JEPA (Joint Embedding Predictive Architecture) is Yann LeCun’s proposed alternative to generative and autoregressive models for learning world representations. Instead of predicting pixels or tokens, JEPA predicts in latent embedding space — learning abstract structure without reconstruction. This lecture covers C-JEPA (object-centric) and recent advances in stable training.


Key Concepts

Term Definition
JEPA Joint Embedding Predictive Architecture — learns by predicting latent representations, not pixels
I-JEPA Image JEPA (Meta, 2023) — foundational work on non-generative, non-contrastive learning
V-JEPA Video JEPA (Meta, 2024) — temporal extension without pixel reconstruction
C-JEPA Causal/Object-centric JEPA (2026) — adds object-level reasoning and interventions
Latent prediction Predicting embeddings rather than reconstructing observations
Object-centric learning Learning representations that explicitly represent objects, not just features
World model Learned model of environment dynamics for planning

Speakers

Hazel Nam (Heejeong Nam)

  • Affiliation: Brown University, working on representation learning, causality, and self-supervised learning
  • Focus: World models, self-supervised learning, object-centric representations
  • Key contribution: C-JEPA — extending JEPA to object-level reasoning via latent interventions

Lucas Maes

  • Affiliation: Mila and University of Montreal, PhD student
  • Focus: JEPA and planning, training stability in JEPA architectures
  • Key contribution: LeWorldModel — stable end-to-end training from pixels

Connection: Both work with Yann LeCun on advancing the JEPA framework toward autonomous machine intelligence.


Technical Deep Dive

C-JEPA — Object-Level Latent Interventions

Key innovation: C-JEPA treats object masking as a structured latent intervention — forces the model to infer masked objects from their interactions with other objects. This prevents “shortcut solutions” where the model relies on low-level visual features rather than reasoning about relationships.

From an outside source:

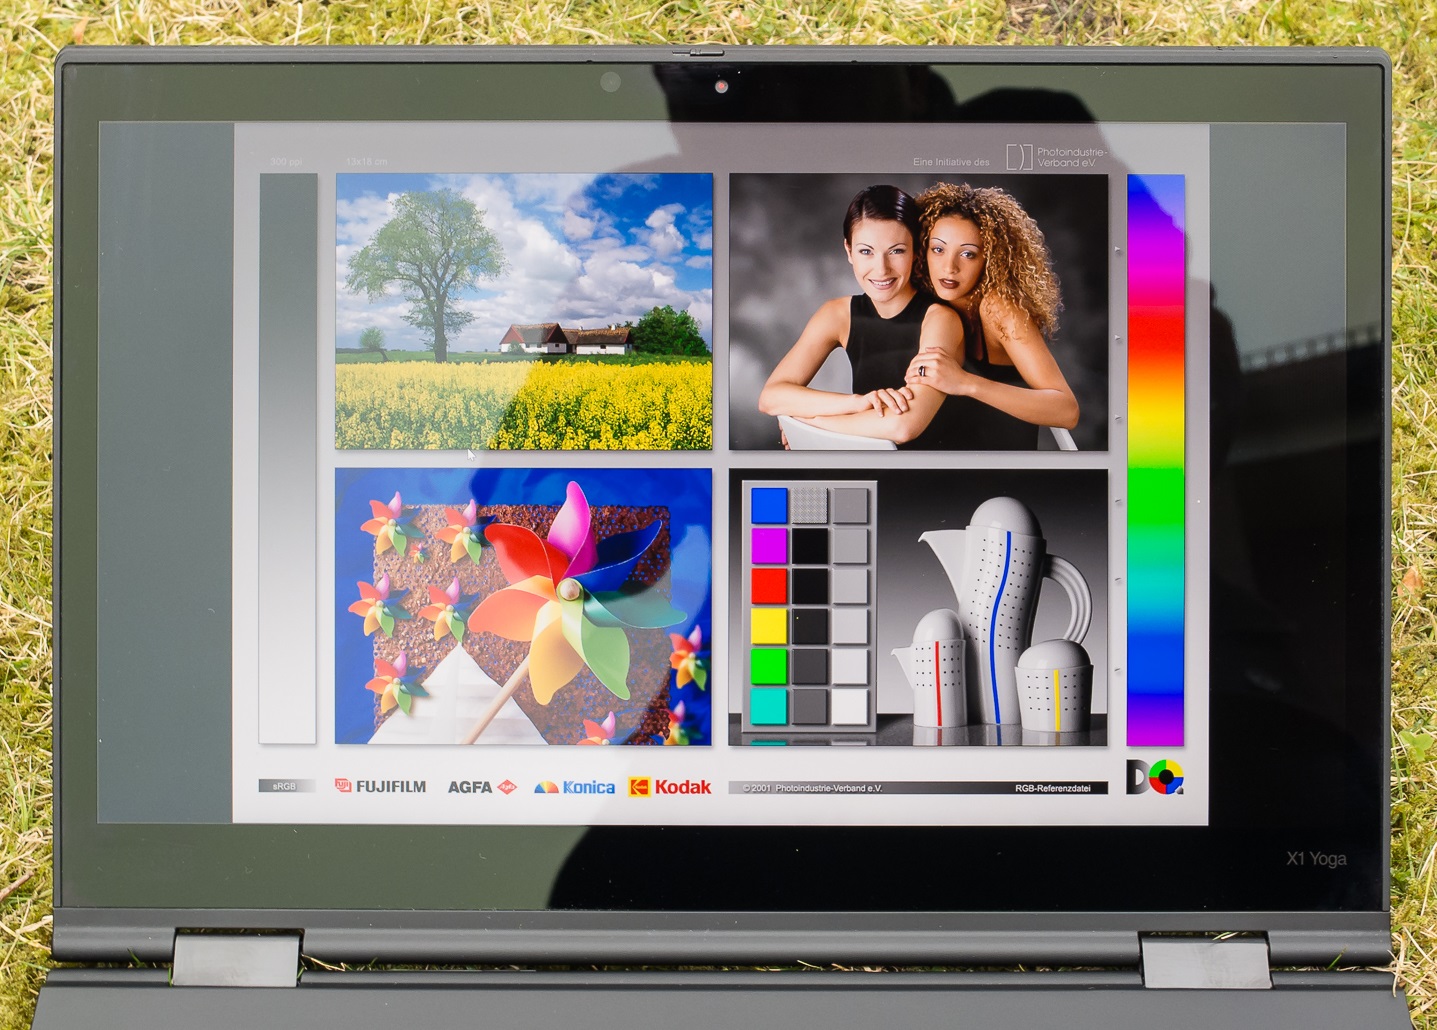 Đánh giá Thinkpad X1 Yoga Gen 3: Laptop 2 trong 1 bền, màn hình đẹp, Chuyên trang tư vấn về laptop

Method: Applies object-level masking throughout the history window (except for a minimal identity anchor). The model must use interactions with other entities to minimize prediction error.

Results:

  • 20% absolute improvement in counterfactual reasoning vs same architecture without object-level masking
  • Only 1% of latent features vs patch-based world models → 8× faster planning
  • Formal analysis: object-level masking induces causal inductive bias via latent interventions

LeWorldModel — SIGReg for Stable End-to-End Training

The core problem: JEPA tends toward representation collapse without careful loss balancing. Existing methods rely on complex multi-term losses, exponential moving averages, pre-trained encoders, or auxiliary supervision.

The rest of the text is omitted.